Thanks to a declared system of values that never existed?

Not completely never existed. I come from the peasantry; we never would have left the village in other circumstances. But people are rarely independent, they are rarely interested in the construction of life as such. This is where it begins. Say, the national question. We live in this question, we have to react somehow. At this point I have no idea what a “nation” is. It’s some kind of vulgar thing. I have a very sensitive reflection on it. I’ve been a Buddhist, a Tibetan, a Mongol. I wanted to become anyone and everyone. With one exception—I did not want to become a Pole. There are preconceptions that Poles are cruel, they once enslaved the Ukrainians. It was a shock to discover, in Tibet, that in a previous life I was a Pole. When Arti Grabowski invited me [to the International Meeting of Performers] last year, I knew that I had to give Lenin back. Even dead. Lenin came to be only because of Poles — Dzerzhinsky, among others.

In Poland, its dealings with the Russian empire and how it underwent modernization within the empire remain hidden. This is a very strange complex. An empire is also built by those it subjugates. To be at once a victim and bear the shadow of the empire is very difficult.

But what can you do?  It’s impossible to escape the cycle of victim–assailant without religion. I was born not in the Ukraine or in Ukraine, and not in Russia. I was born in the Soviet Union. This is very important. Both my father and my mother would say: You were born in the Soviet Union. I learned of a higher power only from my grandfather.
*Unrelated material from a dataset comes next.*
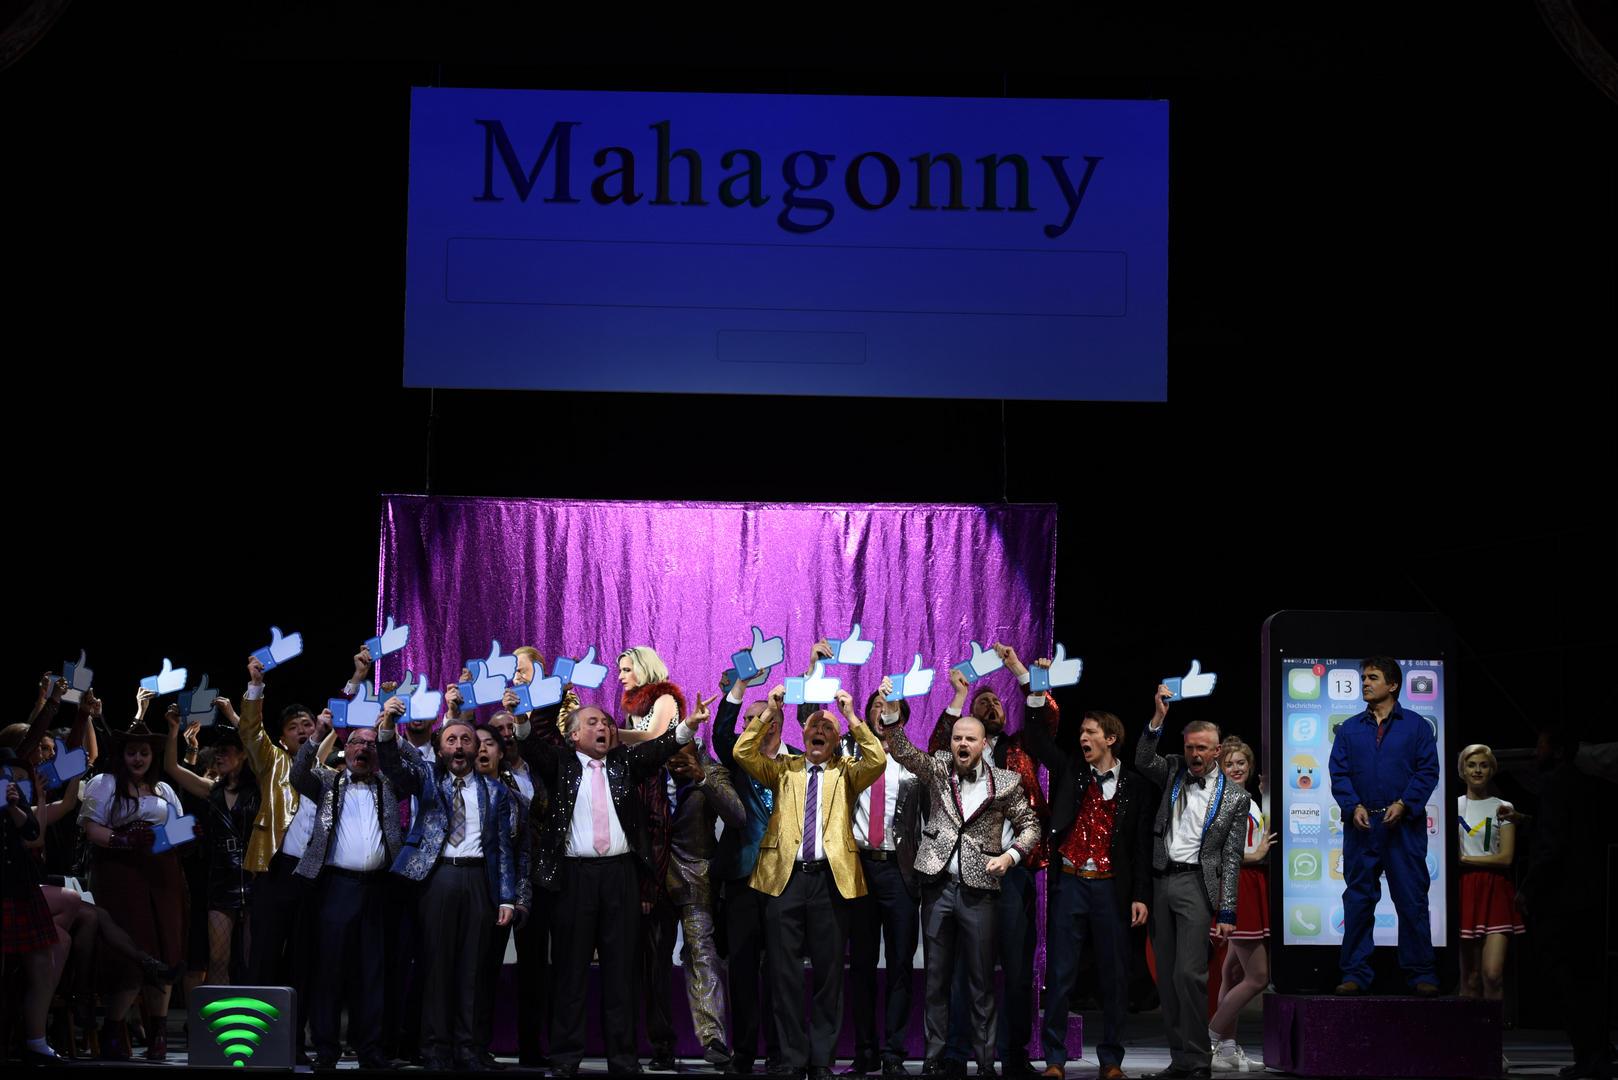 Mahagonny-Opera-by-Kurt-Weill-Stage-director-Jacopo-Spirei-Salzburg-18

But my father was a Communist, he worked in the ideological department; and I sensed a higher power. I was severely punished for this, but I still managed to lead many people to the church and to baptize them in the 1980s and ‘90s. I was a fanatic. The priests at that time were astounding people with principles. My greatest trauma came from what became of them [later]. It’s clear that the bureaucrats, the army, the KGB would become corrupt. But the priests… The moment that crumbled, for me, everything else became possible. I went down on all fours, I stopped being human. The national was religious. Everything became vulgar. In Russia, people began asking me, are you Ukrainian? I said, no. I’m the devil. And if I were Ukrainian, then so what? Does that make me a nationalist? I responded to their question with another. Do you believe in God? I do. Will you show me your cock? That’s indecent. And I would say, my question is far less indecent than yours. You are asking about far more intimate things.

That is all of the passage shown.